Adopting term limits for judges, as well as changing the entire selection process, would be as radical as when the US Soccer Federation reluctantly adopted FIFA standards for rules and calculating league standings. Then, that change was met with its fair share of resistance. But it led to the US hosting the 1994 World Cup, establishing a major soccer league, and strengthening its national teams to contender status on the eve of the 2010 World Cup in South Africa.
If that nation can be a showplace for America on the largest world sports stage of all, it could also serve as an example to an improved Supreme Court confirmation process.
Interestingly, South African ConLawProf Pierre de Vos, commenting on The World Cup closer at hand, has recently noted that there is some talk that the South African Constitutional Court Justices might move to a mandatory retirement age of 70 for justices. This would be more like the life-tenure American model, and quite like the Australian mandatory retirement age of 70 model.
Saturday, March 13, 2010
Select the person whose writings did NOT inspire the American Revolution:
a. St. Thomas Aquinas
b. John Calvin
c. Thomas Jefferson
d. William Blackstone
Correct Answer: C
Explanation: Thomas Jefferson's notion of "separation of church and state" was rejected by the founding fathers, who established the United States according to Christian principles.

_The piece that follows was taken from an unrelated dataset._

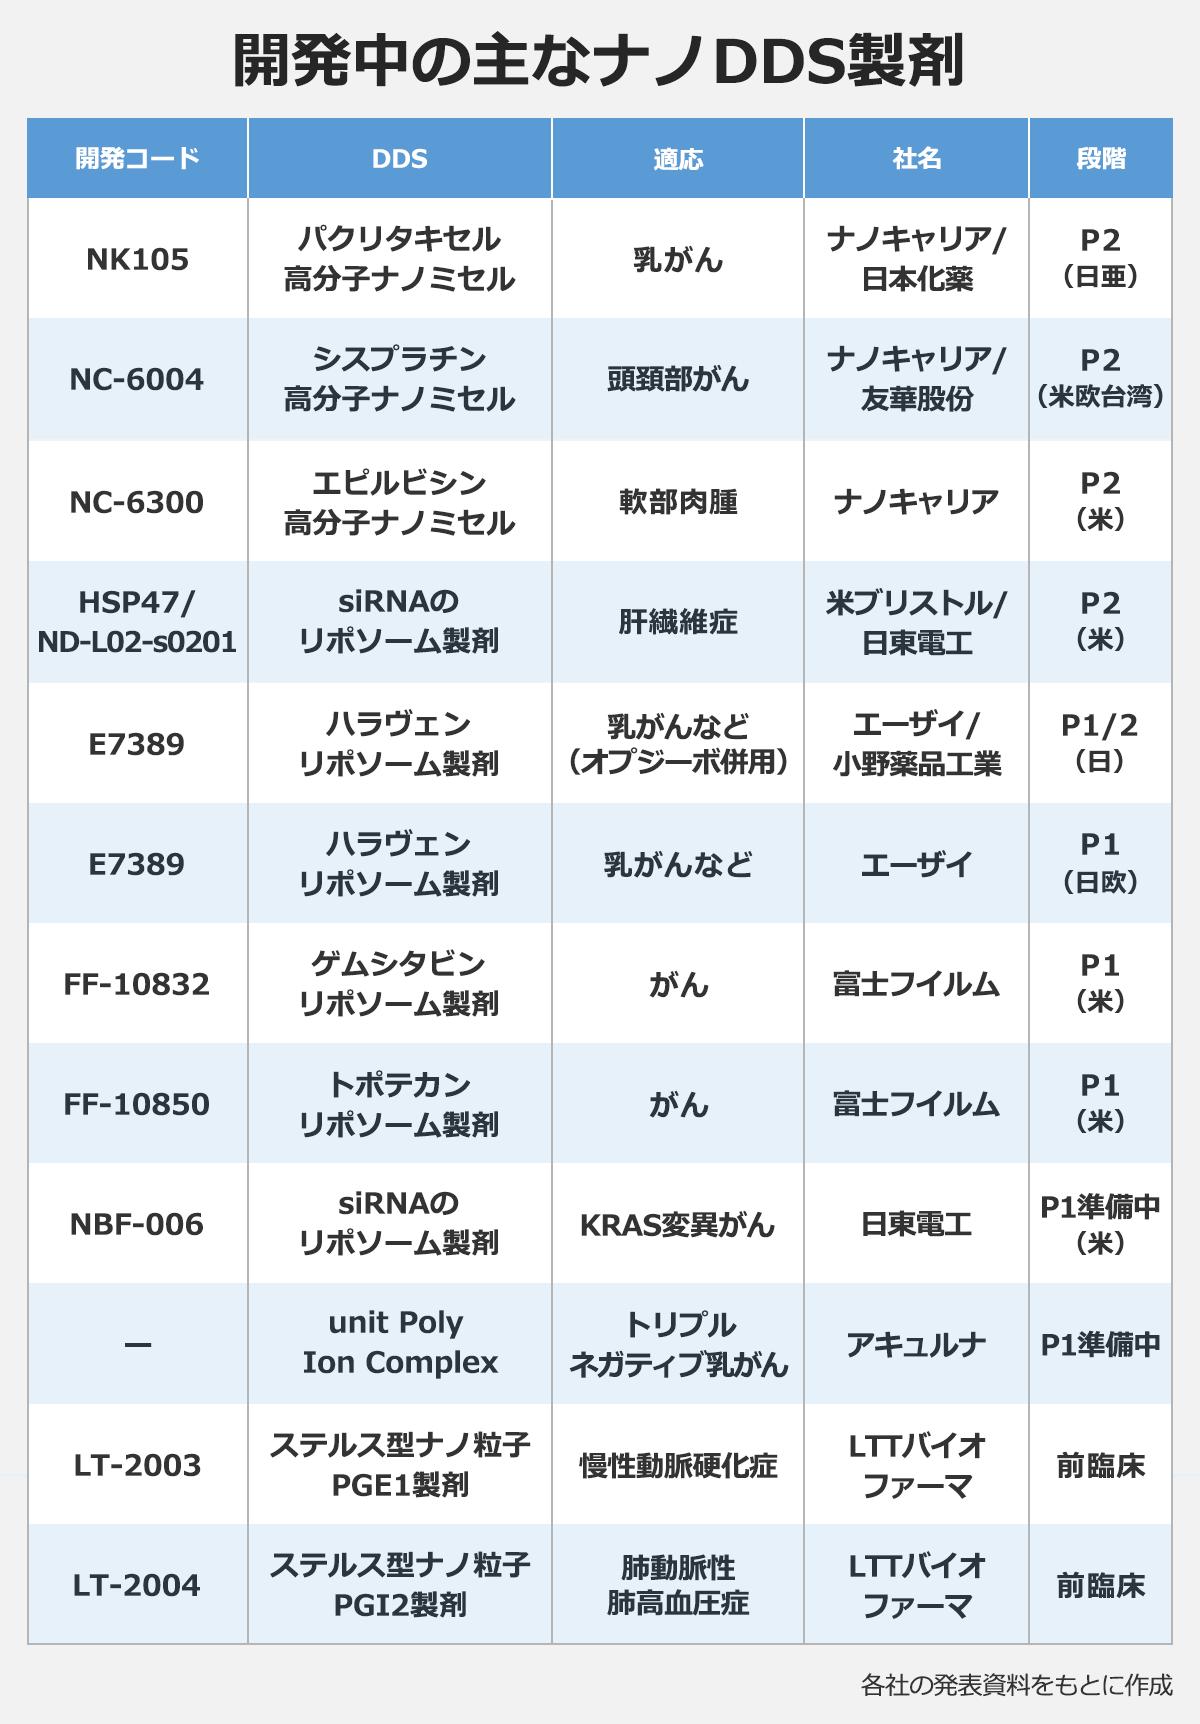 【開発中の主なナノDDS製剤】(開発コード/DDS/適応/社名/段階) NK105/パクリタキセル高分子ナノミセル/乳がん/ナノキャリア/日本化薬/P2(日亜)|NC-6004/シスプラチン高分子ナノミセル/頭頚部がん/ナノキャリア/友華股份/P2(米欧台湾) |NC-6300/エピルビシン高分子ナノミセル/軟部肉腫/ナノキャリア/P2(米) |HSP47/ND-L02-s0201/siRNAのリポソーム製剤/肝繊維症/米ブリストル/日東電工/P2(米) |E7389/ハラヴェンリポソーム製剤/乳がんなど(オプジーボ併用)/エーザイ/小野薬品工業/P1/2(日) |E7389/ハラヴェンリポソーム製剤/乳がんなど/エーザイ/P1(日欧) |FF-10832/ゲムシタビンリポソーム製剤/がん/富士フイルム/P1(米) |FF-10850/トポテカンリポソーム製剤/がん/富士フイルム/P1(米) |NBF-006/siRNAのリポソーム製剤/KRAS変異がん/日東電工/P1準備中(米) |-/unit/Poly/Ion/Complex/トリプルネガティブ乳がん/アキュルナ/P1準備中 |LT-2003/ステルス型ナノ粒子PGE1製剤/慢性動脈硬化症/LTTバイオファーマ/前臨床 |LT-2004/ステルス型ナノ粒子PGI2製剤/肺動脈性肺高血圧症/LTTバイオファーマ/前臨床 |※各社の発表資料をもとに作成

More Explanation: Texas has tentatively approved a new educational curriculum which rejects Thomas Jefferson's influence and favors Blackstone, Calvin, and Aquinas. It is thus possible that this hypothetical question would "correctly" be answered with "Thomas Jefferson."
There are 100 other amendments to the state approved curriculum, including replacing the word “capitalism” with “free-enterprise system” and adding Phyllis Schlafly to the list of important historical figures.
If the curriculum passes, it should make teaching future constitutional law students from Texas quite interesting.
Saturday, February 27, 2010
The New Yorker has a regular feature that provides a cartoon drawing requiring a caption; the March 1, 2010 contest (#229) with its drawing by Paul Noth might inspire some contributions from ConLaw buffs. Enter at New Yorker website here. The deadline is 11.59 pm Sunday, February 28, 2010; 250 character limit.